### What the exercise asks
Exclude every picture. Output verbatim the lines from the one containing "Coeur DAlene, Idaho, map" to the end of the data.

### Provided data
◇ ◇ ◇ ◇ ◇ ◇ ◇
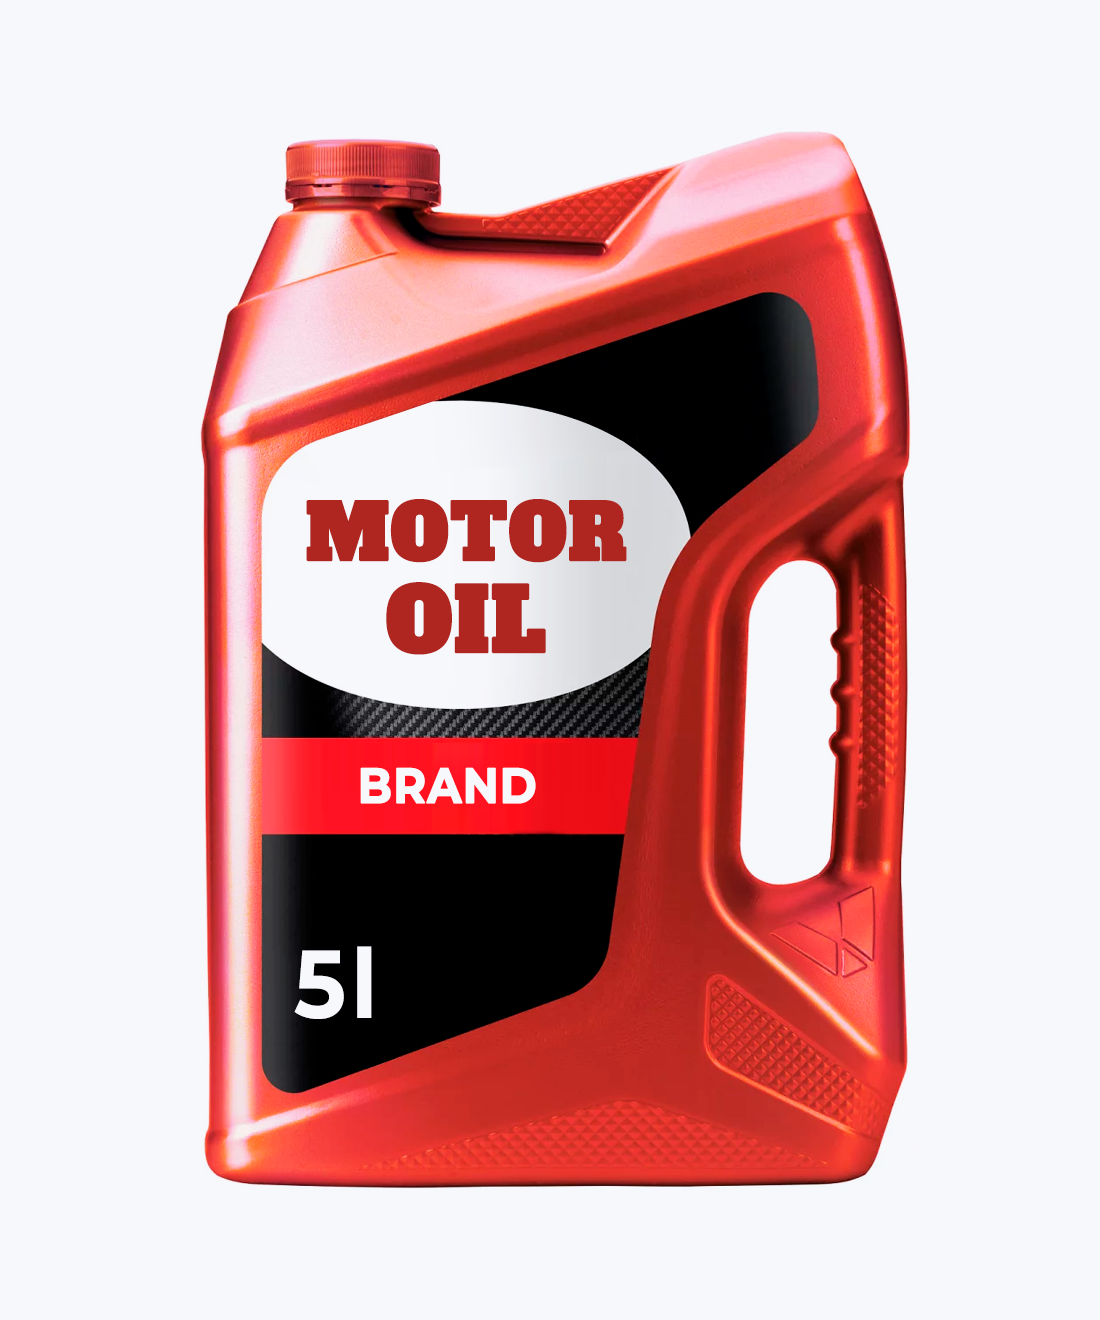 Synthetic motor oil
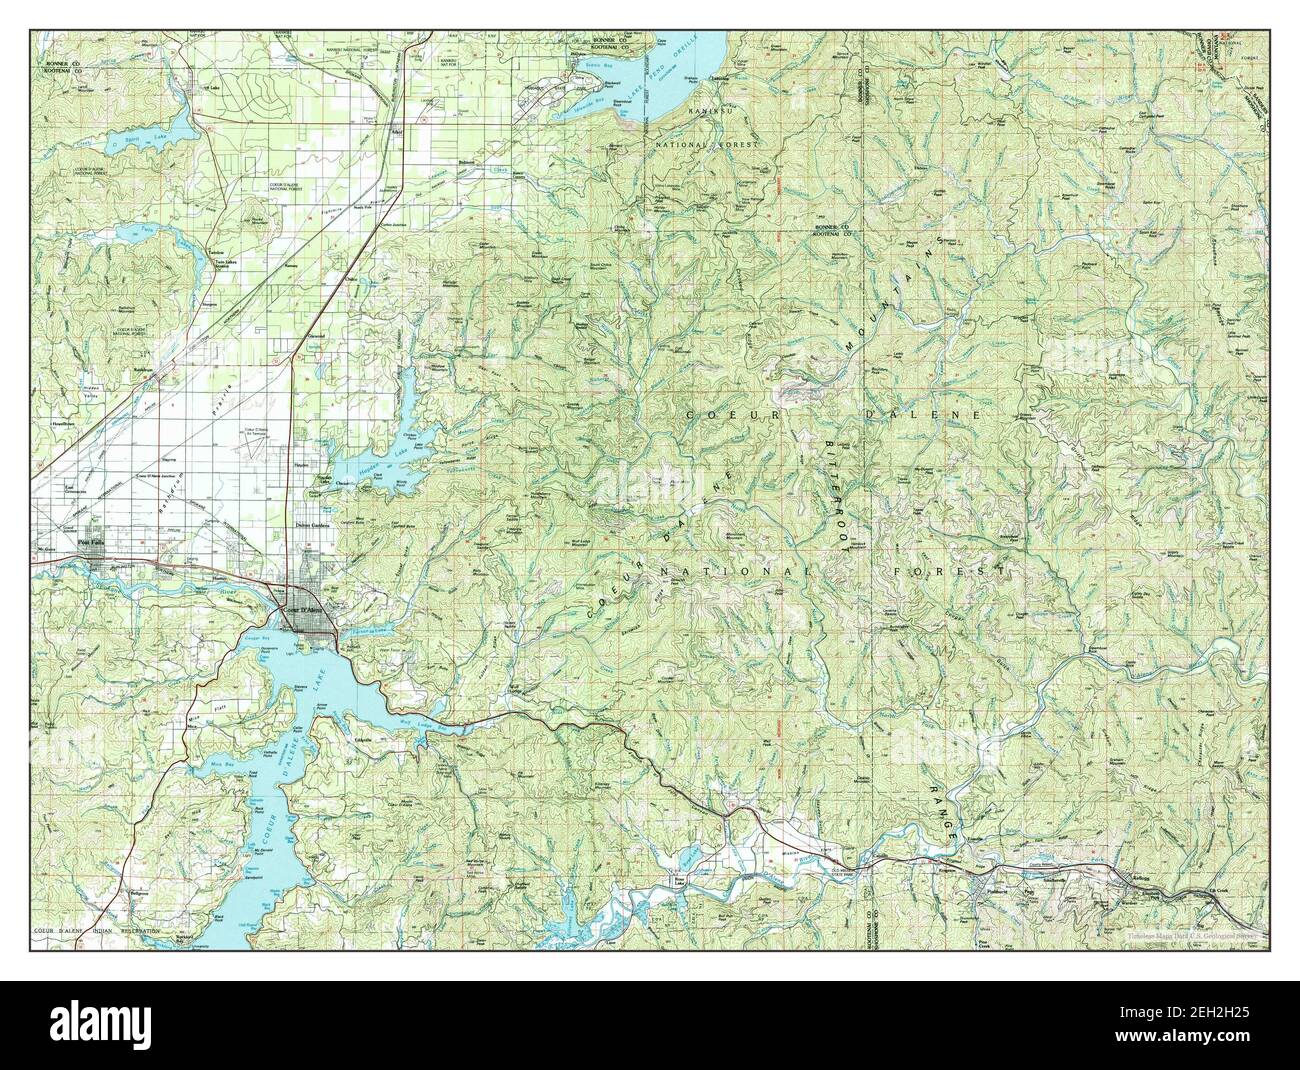 Coeur DAlene, Idaho, map 1987, 1:100000, United States of America by Timeless Maps, data U.S. Geological Survey Stock Photo
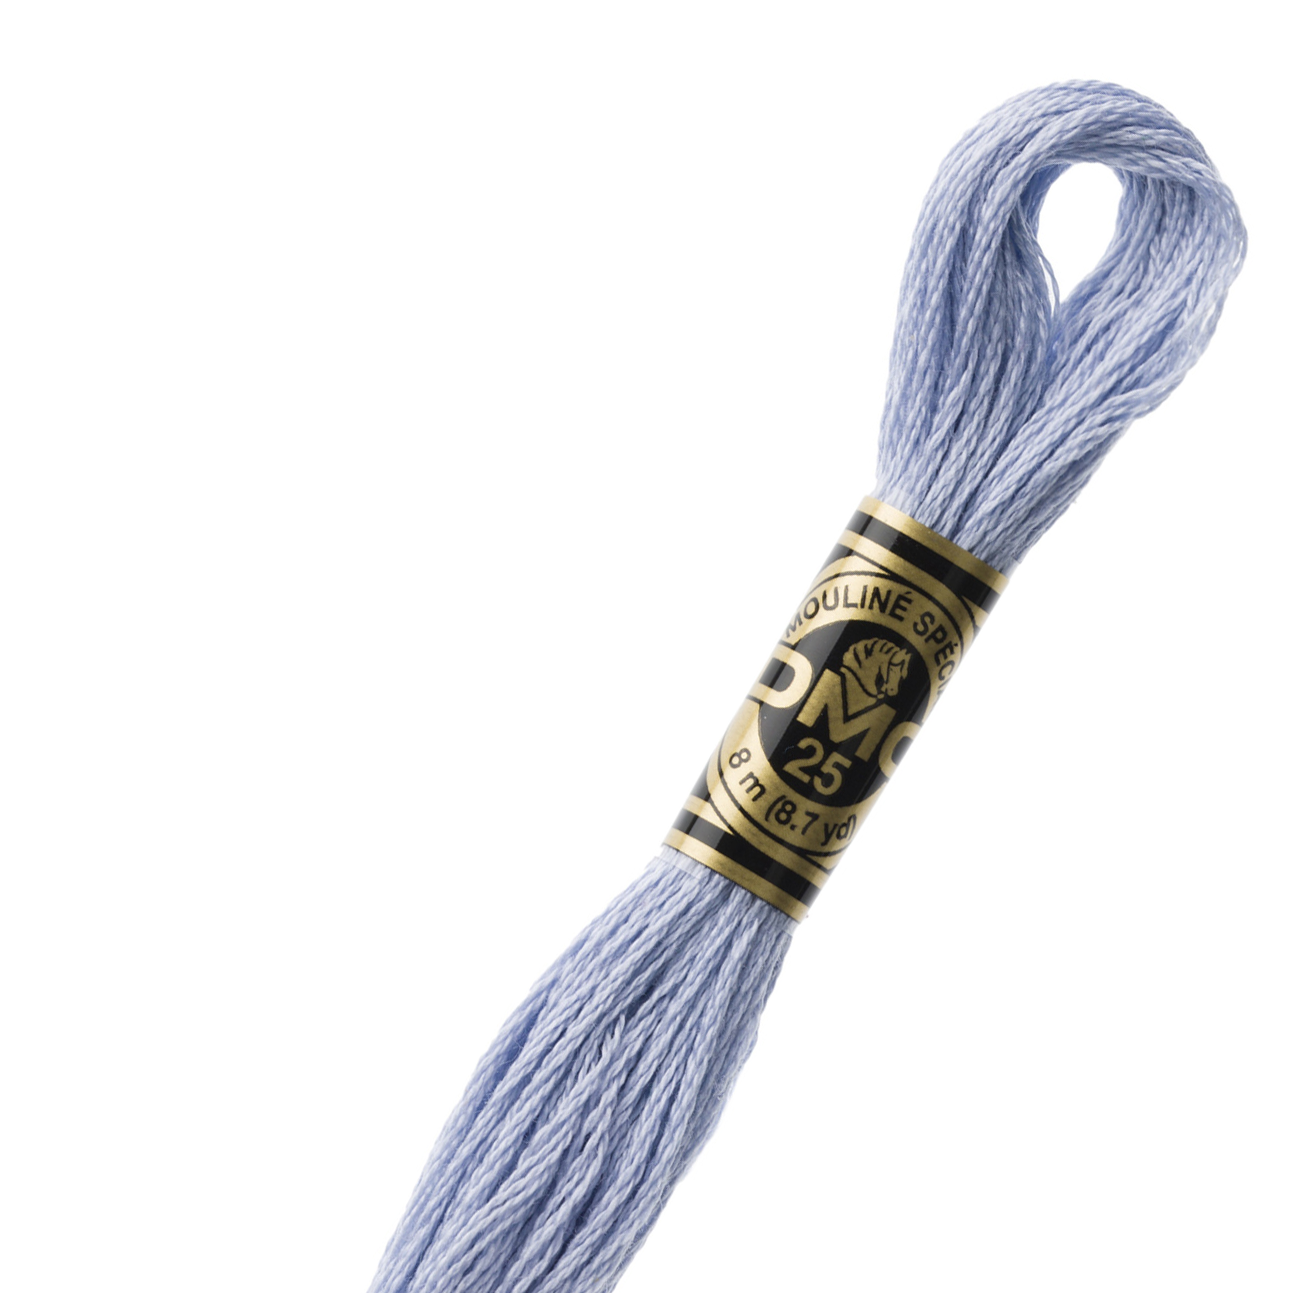 AmoHilos 250 Different Selected DMC Colors Set Mercerized Egyptian Long  Fiber Cotton Embroidery Floss Cross Stitch Thread 8 Mts
◇ ◇ ◇ ◇ ◇ ◇ ◇
### Task solution
 Coeur DAlene, Idaho, map 1987, 1:100000, United States of America by Timeless Maps, data U.S. Geological Survey Stock Photo
 AmoHilos 250 Different Selected DMC Colors Set Mercerized Egyptian Long  Fiber Cotton Embroidery Floss Cross Stitch Thread 8 Mts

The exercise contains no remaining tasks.